- [TASK DESCRIPTION]
Everything in the data gets repeated exactly, except for the pictures.

- [MATERIAL PROVIDED]

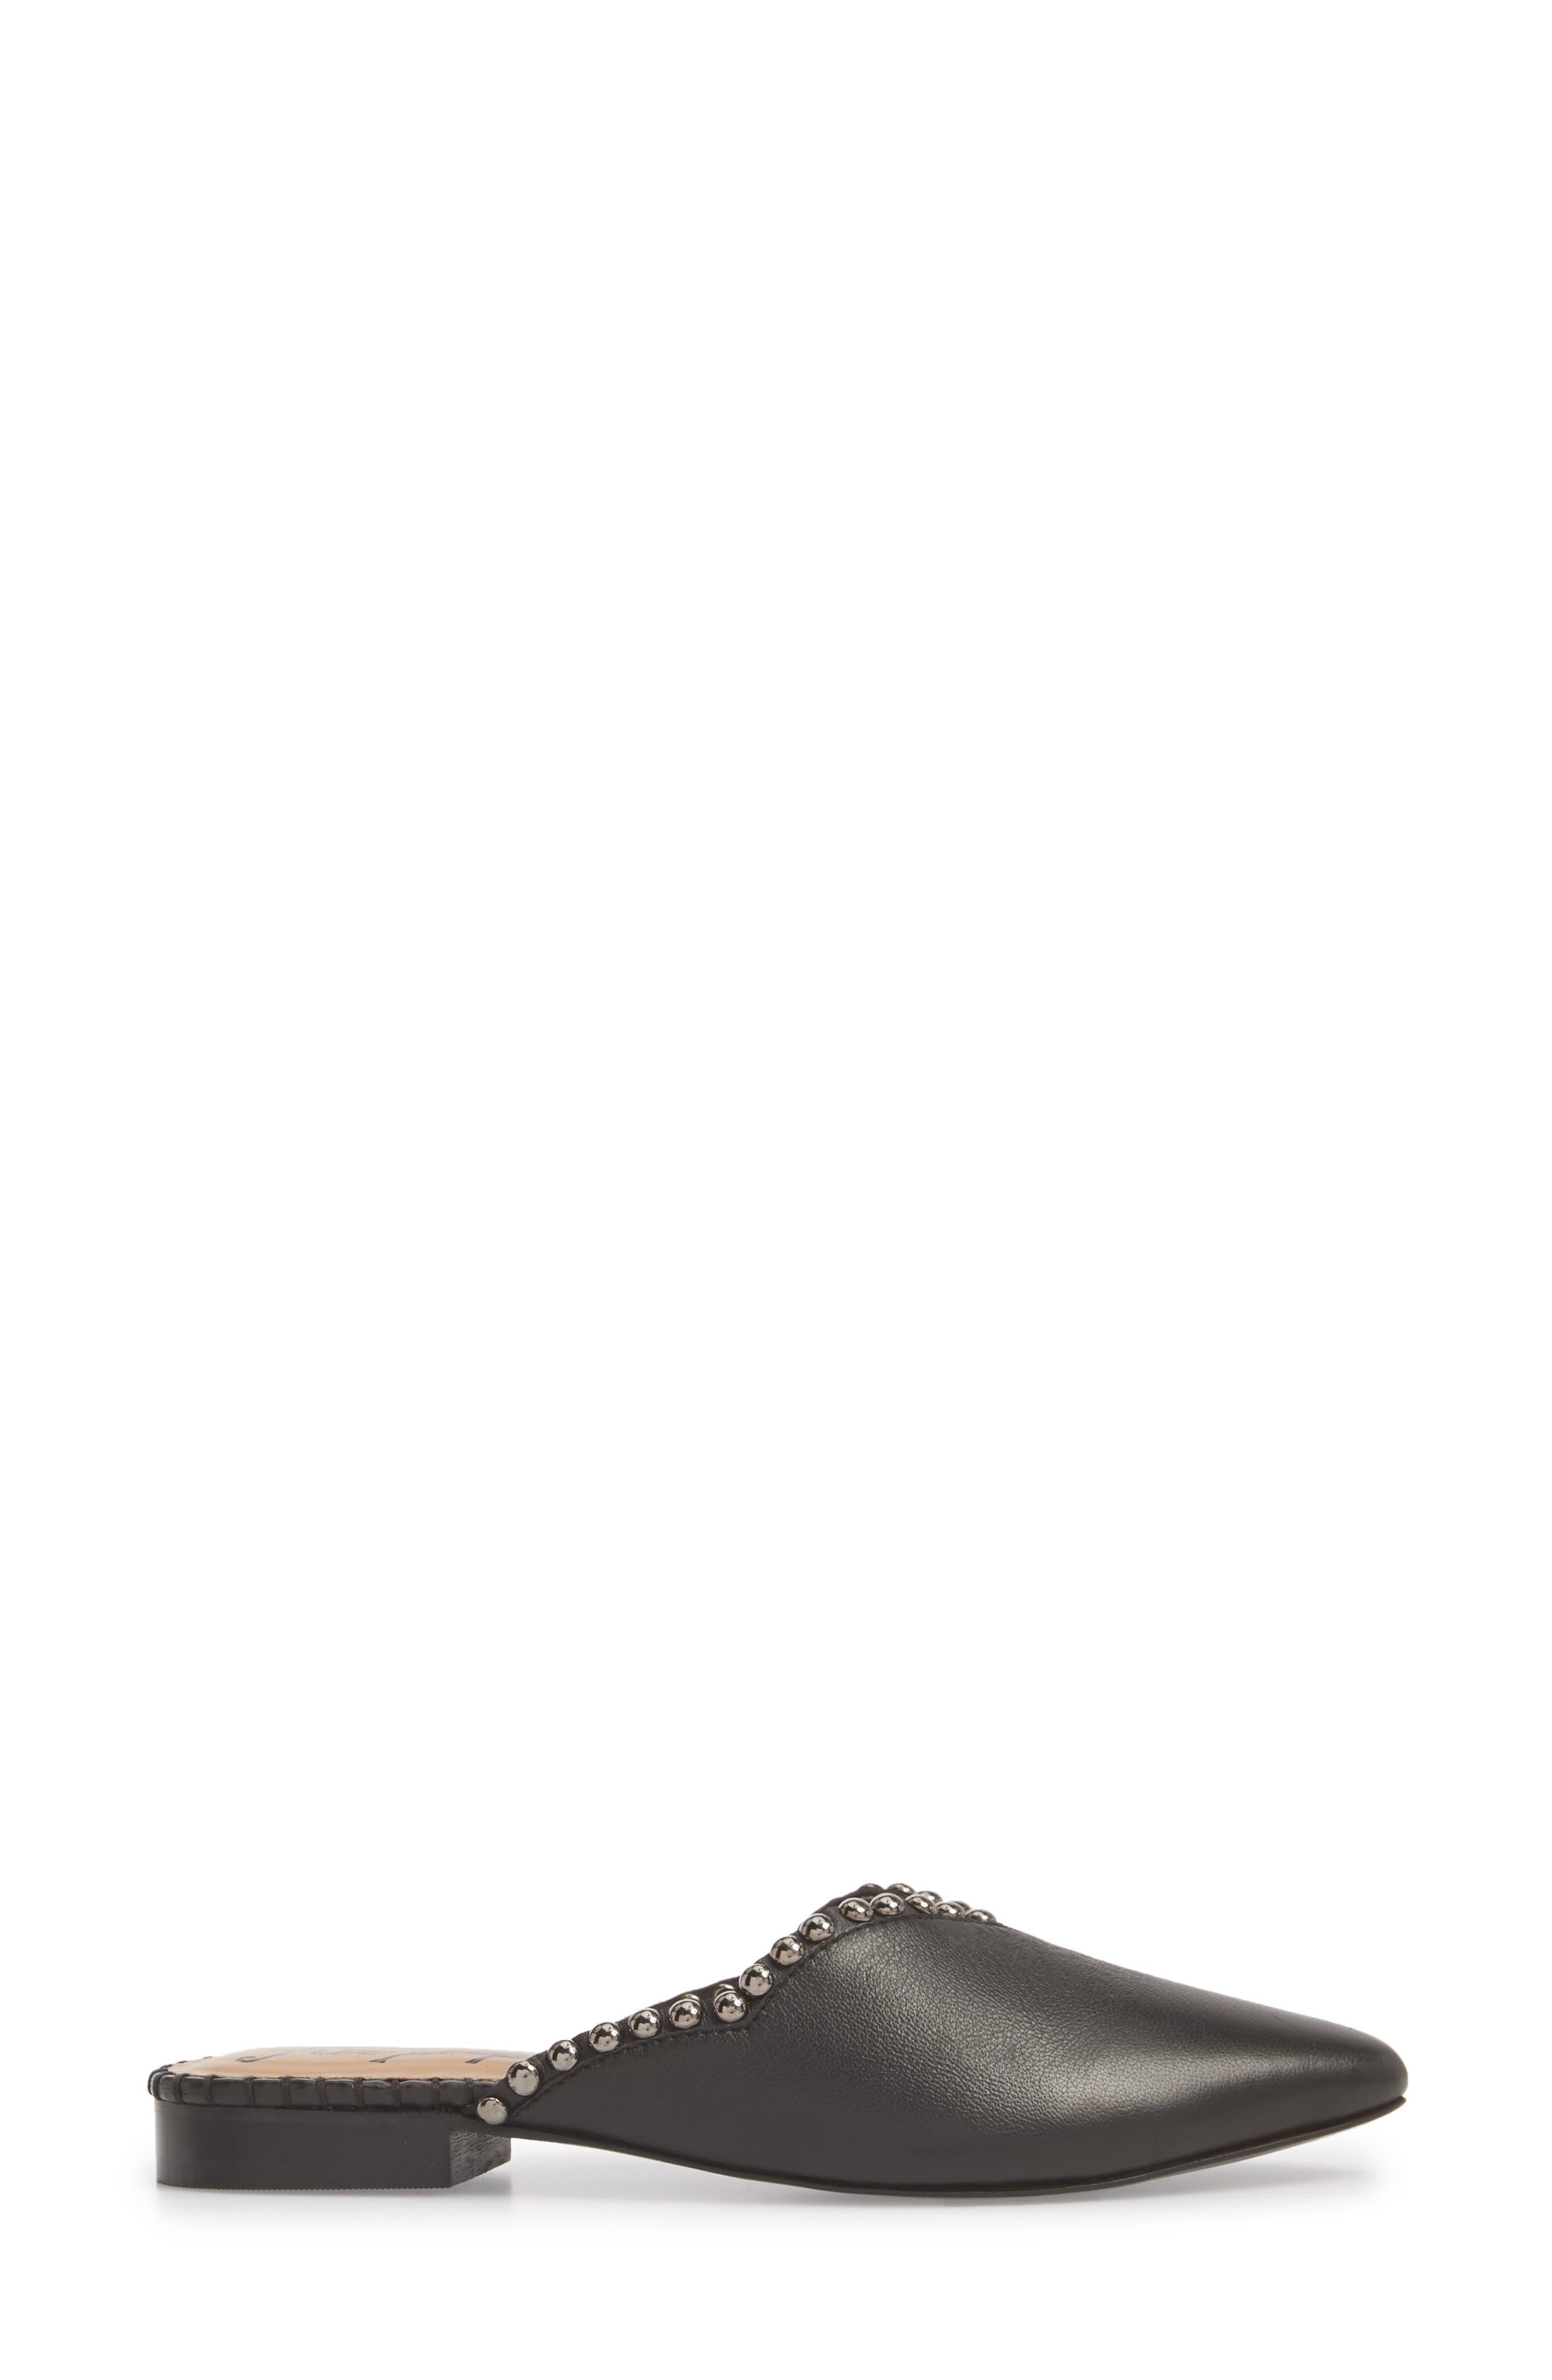 Newport Studded Mule,                             Alternate thumbnail 3, color,                             BLACK
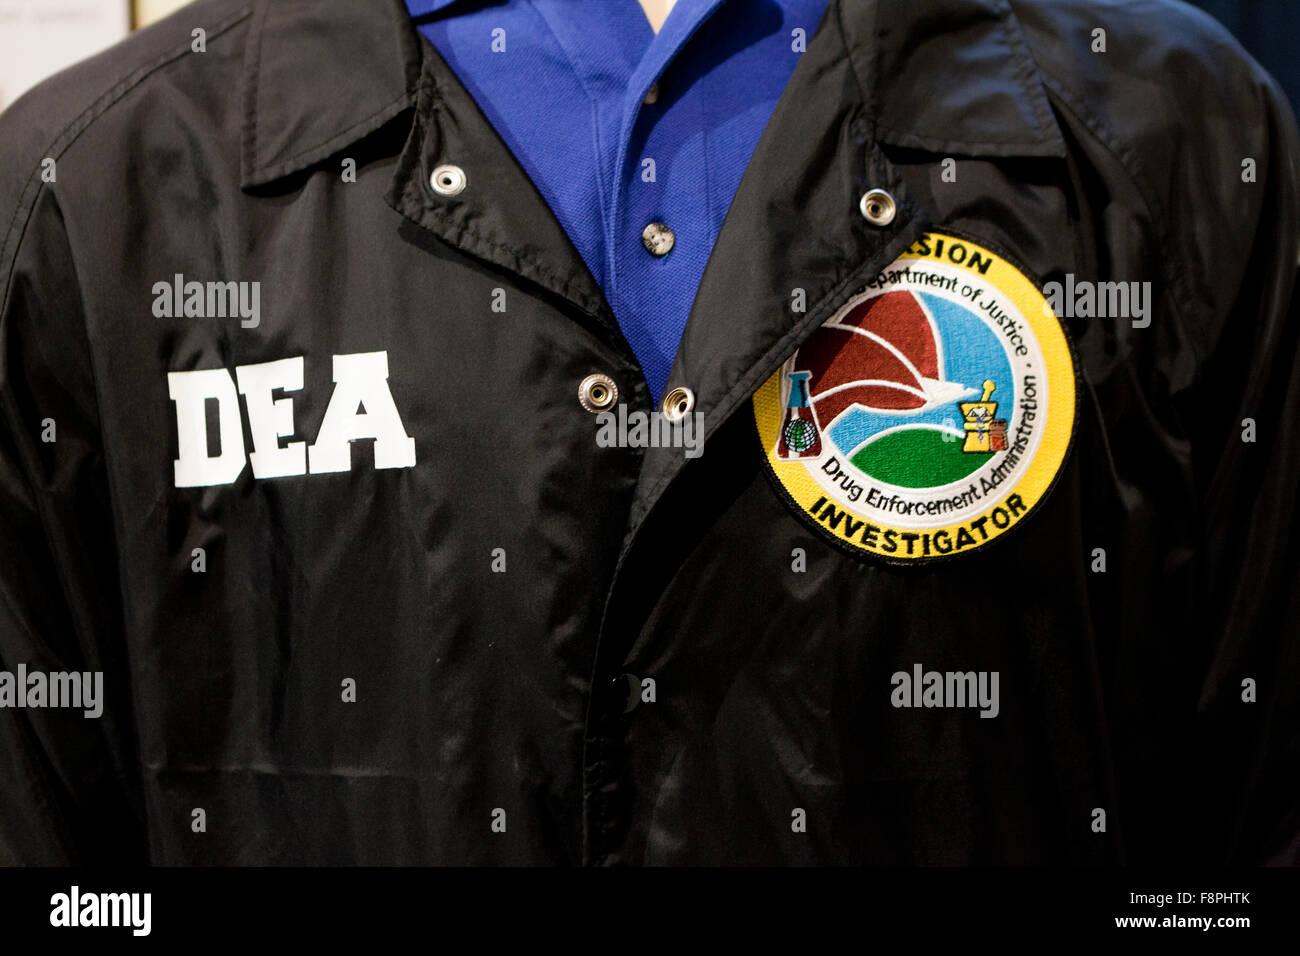 Drug Enforcement Agency (DEA) identification jacket - USA - Stock Image
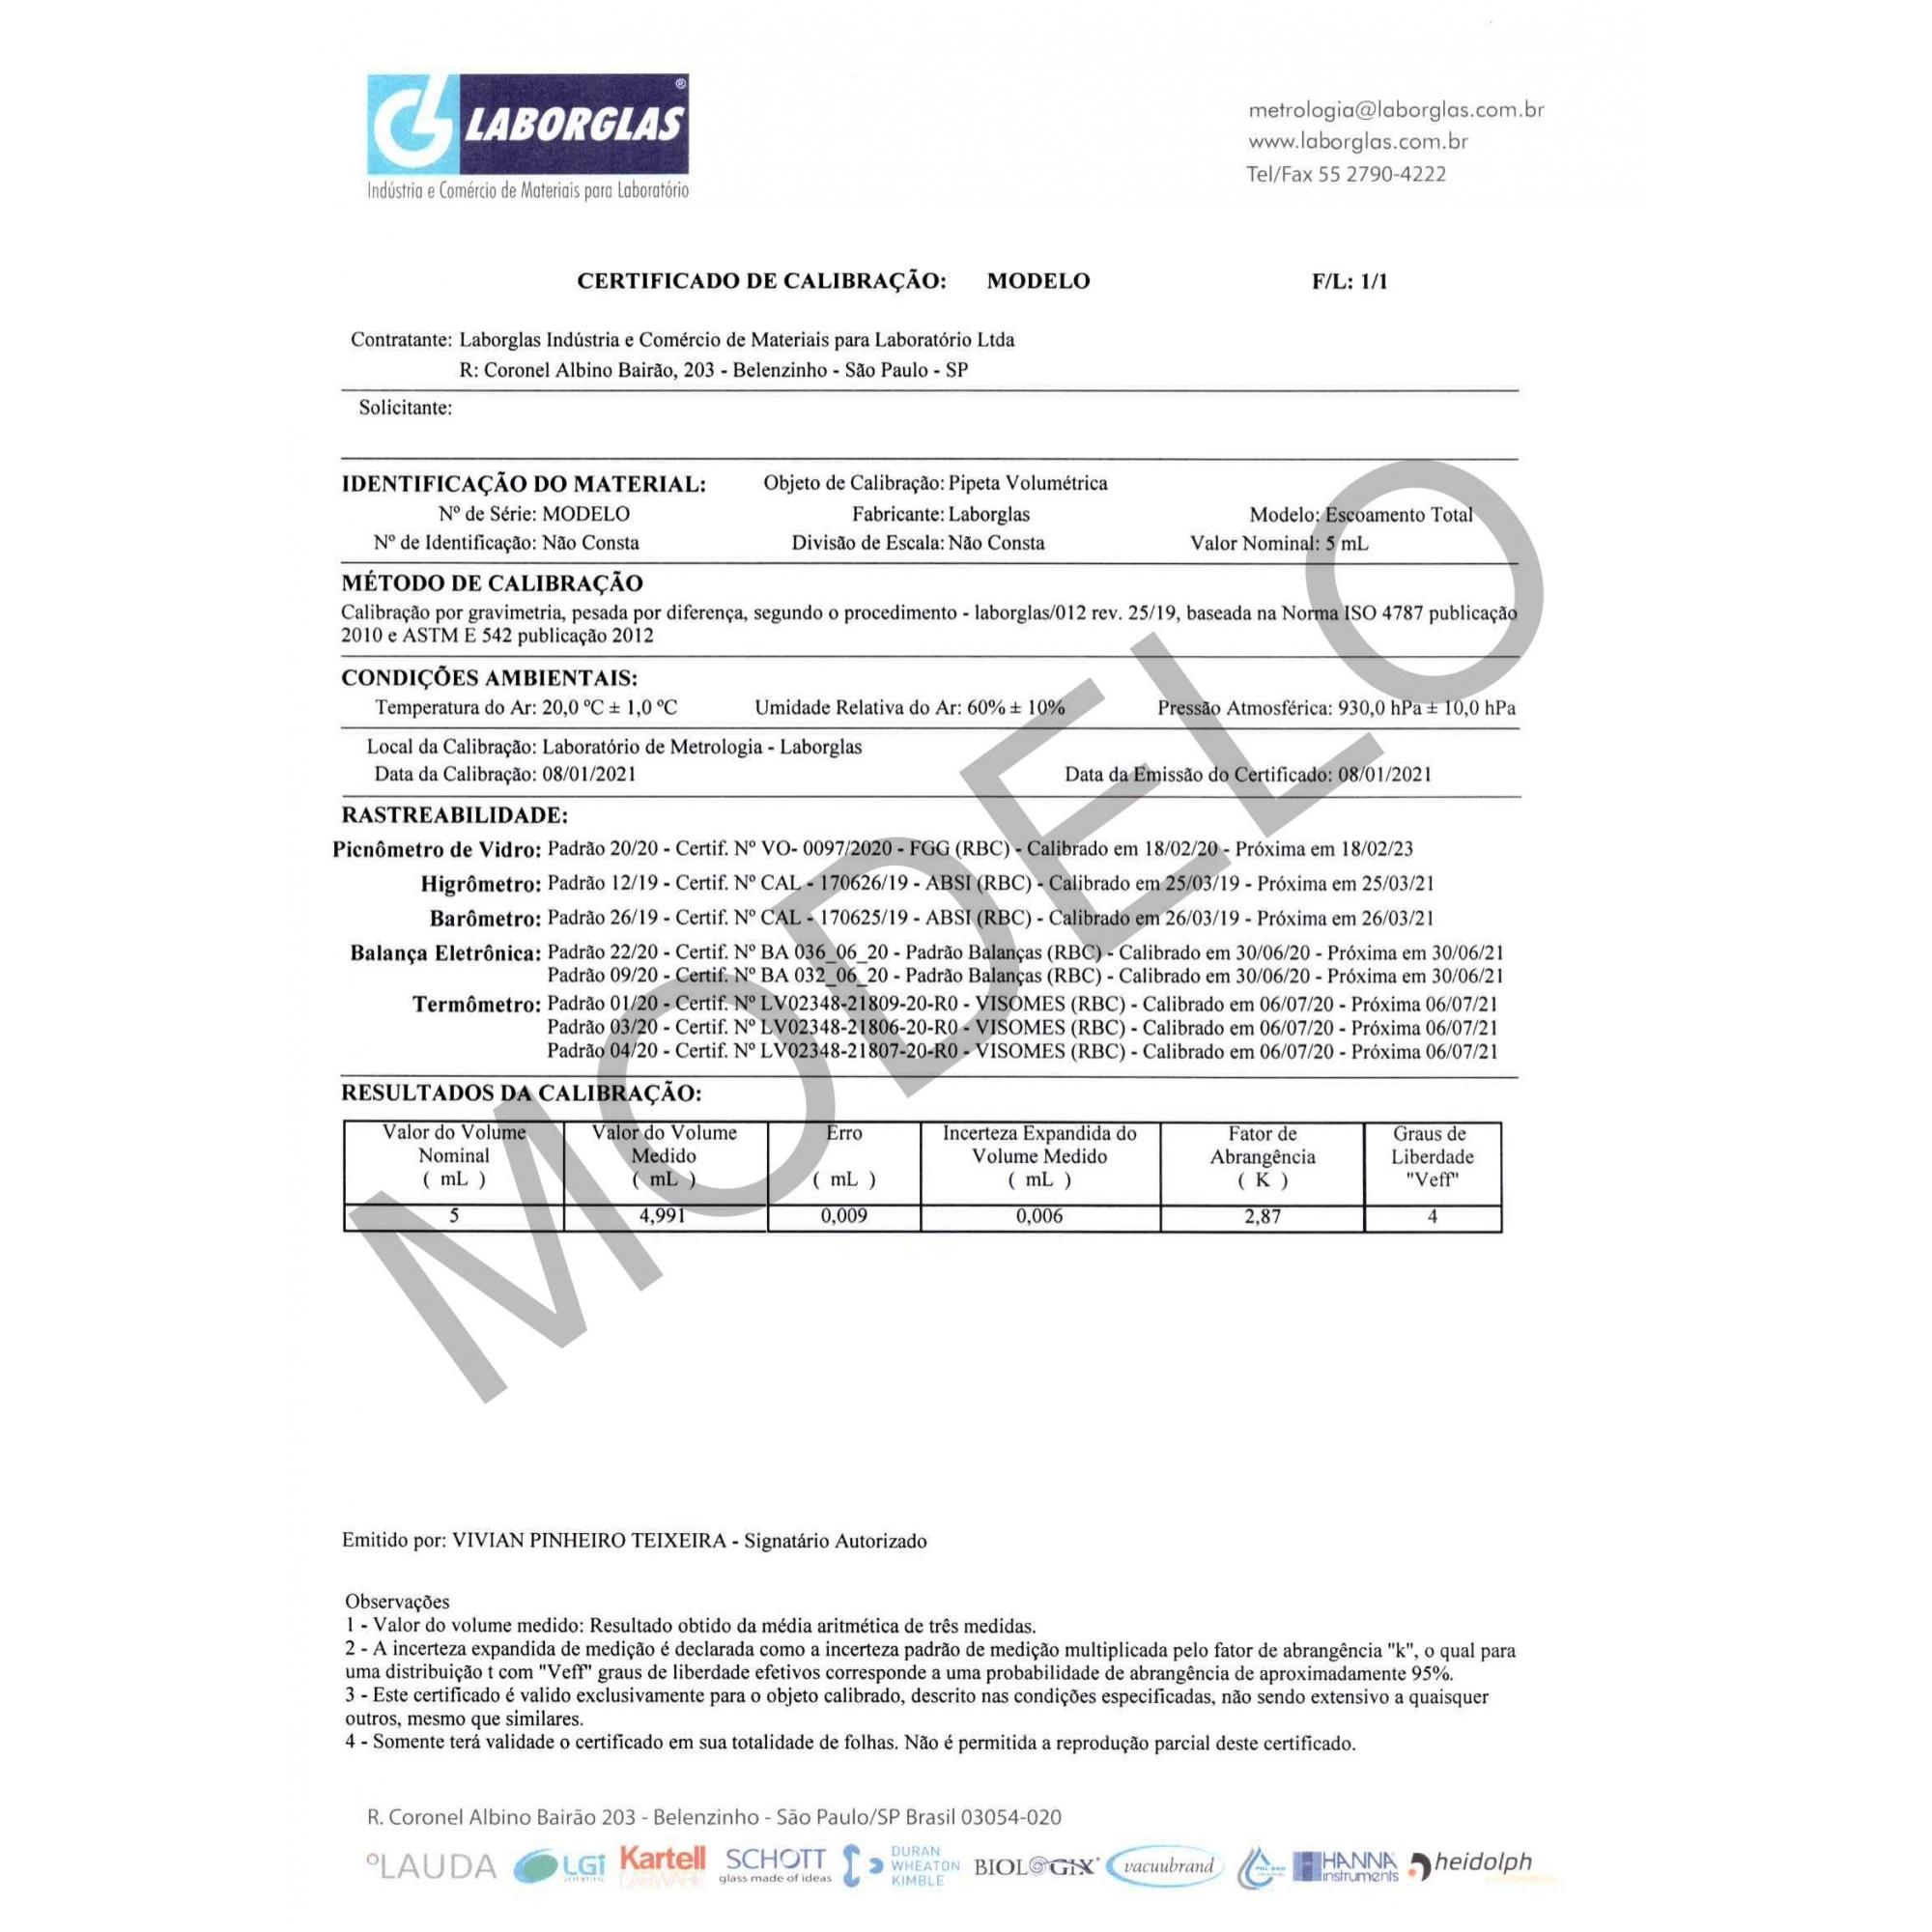 PIPETA VOLUMÉTRICA ESGOTAMENTO TOTAL CLASSE A  10 ML COM CERTIFICADO RASTREÁVEL - Laborglas - Cód. 9433811-C

- [EXERCISE RESULT]
 Newport Studded Mule,                             Alternate thumbnail 3, color,                             BLACK
 Drug Enforcement Agency (DEA) identification jacket - USA - Stock Image
 PIPETA VOLUMÉTRICA ESGOTAMENTO TOTAL CLASSE A  10 ML COM CERTIFICADO RASTREÁVEL - Laborglas - Cód. 9433811-C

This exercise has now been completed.